Pakistan is on the horns of a painful dilemma whereby its energy security, which must be ensured in the most cost-effective way possible in order to begin sustainably resolving its economic-financial crises, is nowadays under the influence of the US’ sanctions regimes.


Russian Deputy Prime Minister Alexander Novak told TASS in an extended interview that was published on Monday that the possibility exists for an Iranian gas swap with Pakistan. He also suggested expanding current infrastructure in Central Asia to Afghanistan and that neighbouring South Asian state, though this scenario appears unlikely to unfold any time soon owing to the dangerous Pakistani-Taliban security dilemma. It’s therefore worth exploring the first option, but only if Pakistan has the political will.

The US-orchestrated post-modern coup in that country in early April neutralized Pakistan’s previously promising geostrategic potential in serving as the “Zipper of Eurasia” amidst the global systemic transition to multipolarity. In response to the newly installed regime’s decision to return their country to its traditional role as a US vassal, Russia was forced to recalibrate its grand strategy by replacing Pakistan with Iran as the envisaged top partner in its “Ummah Pivot”.

Even so, the reassertion of American influence over Pakistan hasn’t (yet?) been absolute as proven by its proxy’s refusal to publicly condemn Russia at the UN and its decision to dispatch officials to Moscow last month to negotiate an energy deal between them. “Pakistan’s Unrealistic Demand Doomed Its Oil Talks With Russia”, but Moscow still appreciates the importance of its non-traditional partner’s growing energy market and therefore remained committed to hopefully reaching some kind of agreement.

To that end, Novak just shared his two proposals with TASS for how Russia could export gas to Pakistan.
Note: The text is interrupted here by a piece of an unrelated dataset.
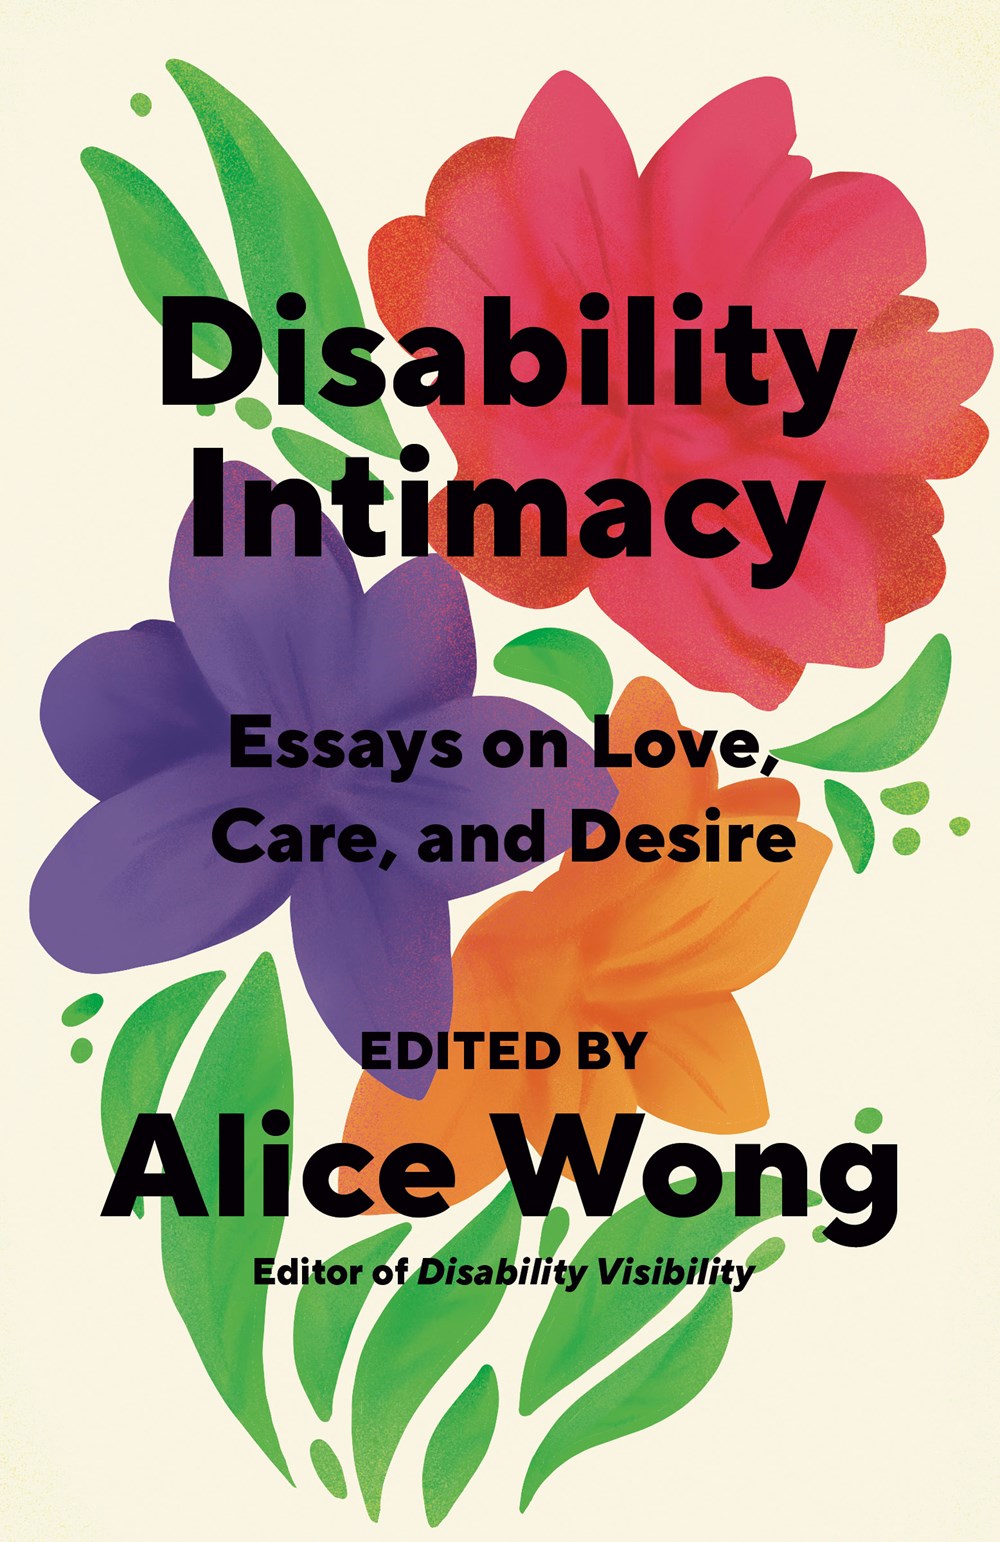 Disability Intimacy: Essays on Love, Care and Desire by Alice Wong (Paperback) (PREORDER)

Since construction of a trans-Afghan gas pipeline is unrealistic for the foreseeable future and would take a lot of time to develop in any case, the only viable option is to organize an Iranian gas swap. This could be accomplished in a comparatively much quicker time frame, but only if Pakistan has the political will to do so, which remains unclear due to the US’ restored influence over Islamabad ever since early April.

After all, this South Asian state would certainly risk the US’ sanctions wrath seeing as how Biden declared in a newly surfaced video that the JCPOA is “dead”, which means that its unilateral sanctions against Iran won’t be lifted. Pakistan is therefore on the horns of a painful dilemma whereby its energy security, which must be ensured in the most cost-effective way possible in order to begin sustainably resolving its economic-financial crises, is nowadays under the influence of the US’ sanctions regimes.

Islamabad can’t purchase oil from Moscow above Washington’s price cap without provoking its sanctions wrath, the same as it can’t purchase gas from Tehran either without also being punished. For all intents and purposes, Pakistan’s economic-financial recovery hinges on resolving this predicament since only Russia and Iran can provide the cost-effective means for ensuring its energy security as the first step to that country’s sustainable structural recovery, yet its leadership is politically paralyzed.

Former Prime Minister Imran Khan previously declared that he’d have prioritized Pakistan’s objective national interests in the face of foreign pressure exactly like neighbouring India has impressively done, yet it was precisely due to his multipolar mindset that the US conspired with local proxies to oust him. In the absence of visionary leadership and the political will to take requisite risks in pursuit of these selfsame interests, Pakistan might once again miss yet another opportunity for fixing its many problems.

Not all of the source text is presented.